EXERCISE OBJECTIVE:
Copy each line of the entries below that contains the string "desk".

+++ RECORDS FOR THIS EXERCISE

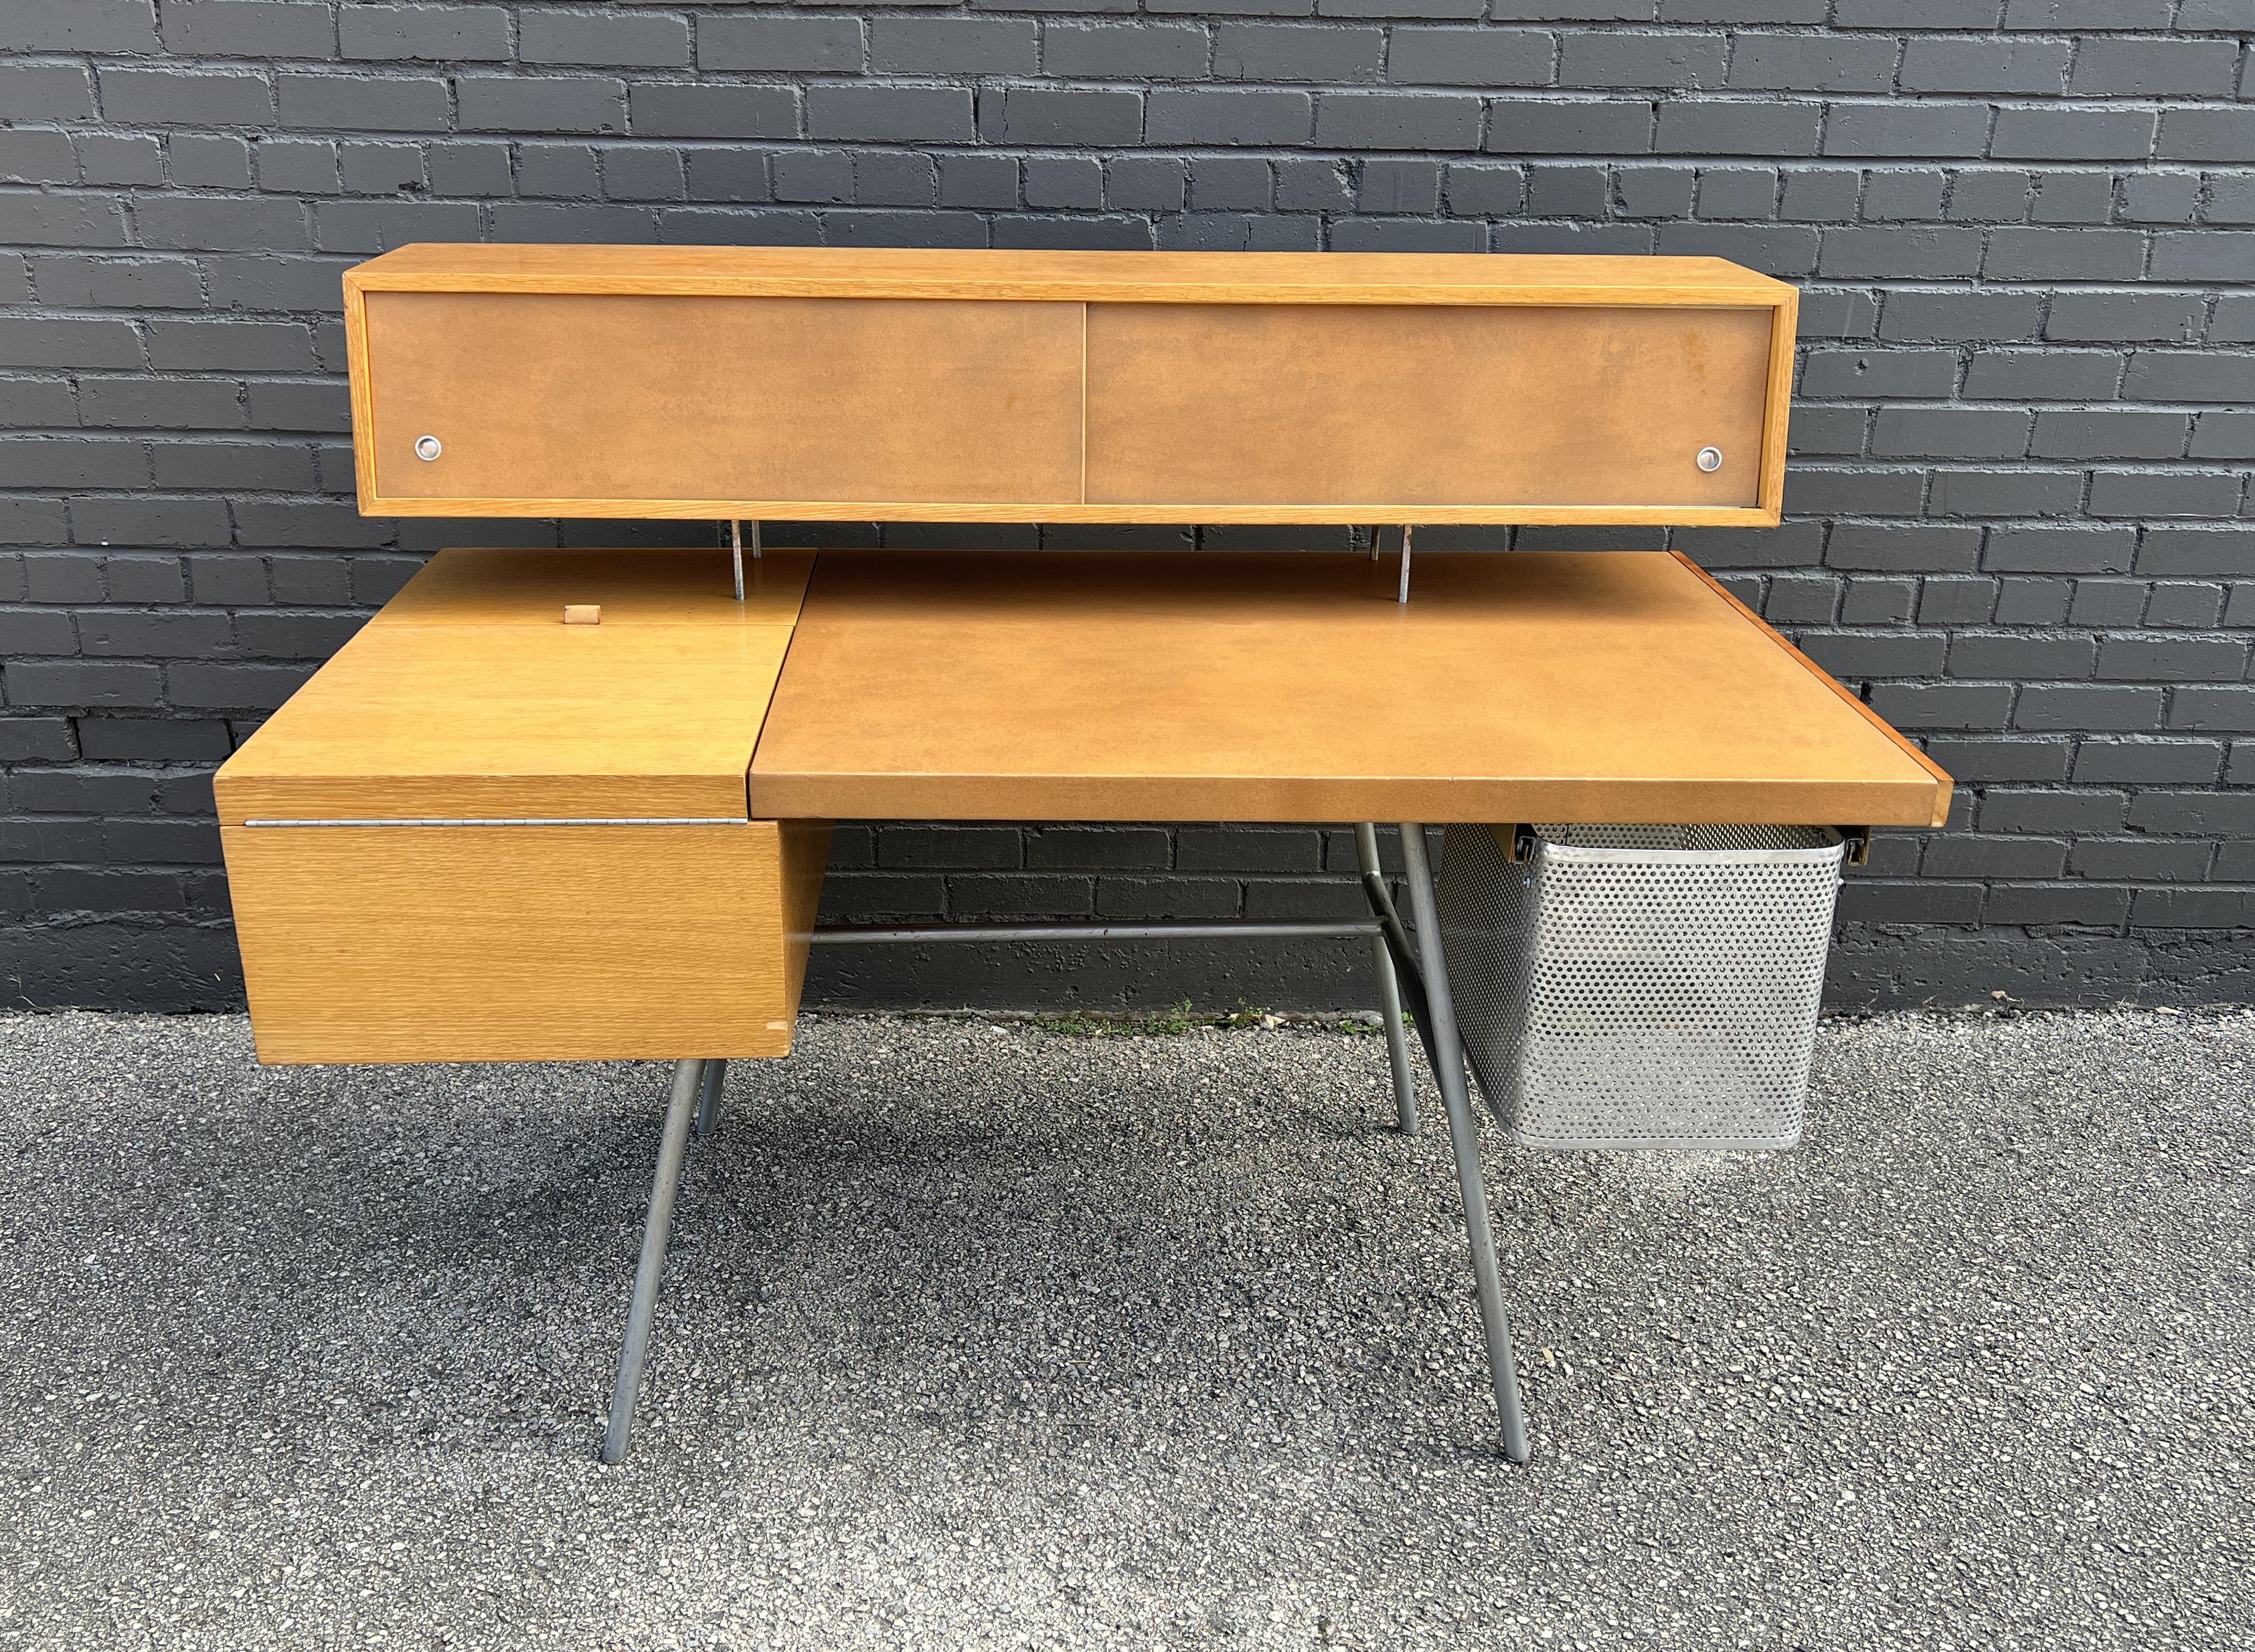 George Nelson & Associates
Home Office desk, model 4658
Manufactured by Herman Miller
USA, 1946
This example is constructed of combed oak, chrome-plated steel, aluminum, and leather.

The desk features a flip-top compartment concealing three
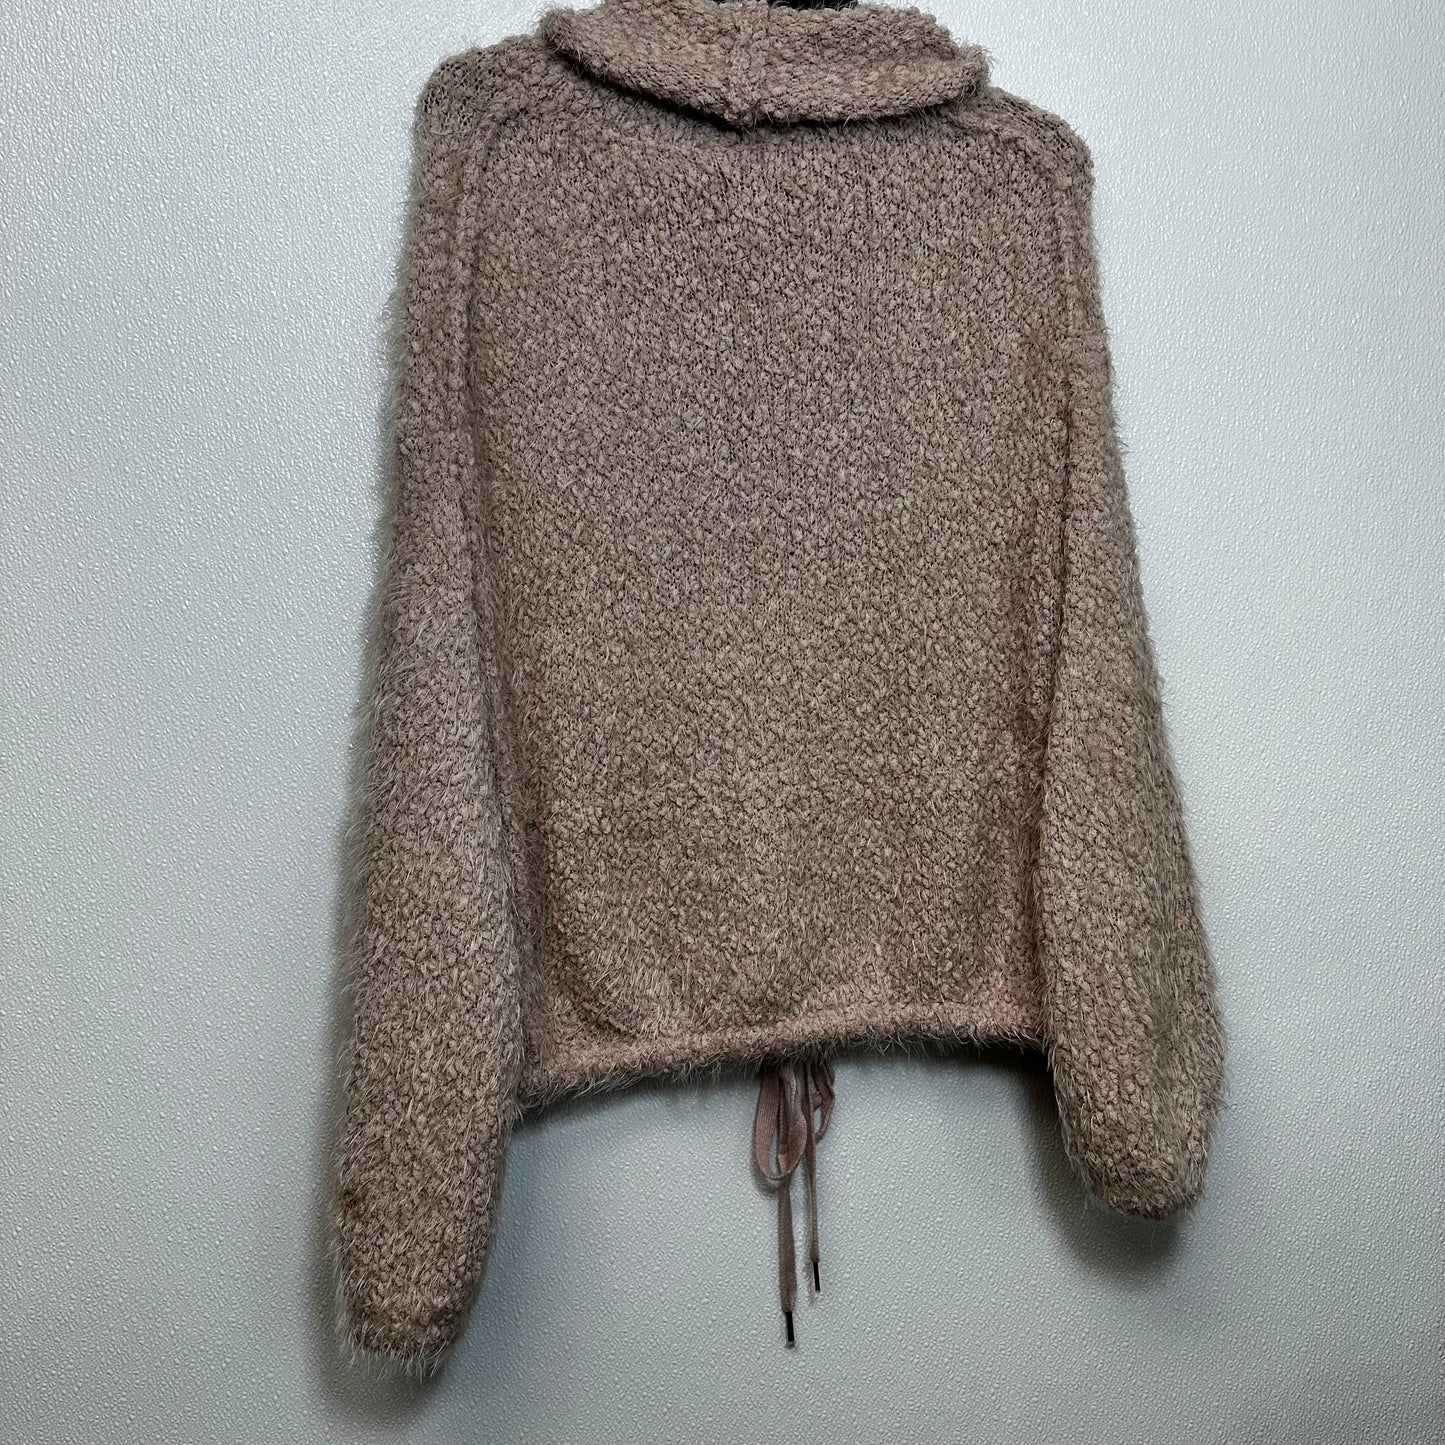 Dusty Pink Sweater Free People, Size S

++++++

REPLY:
Home Office desk, model 4658
The desk features a flip-top compartment concealing three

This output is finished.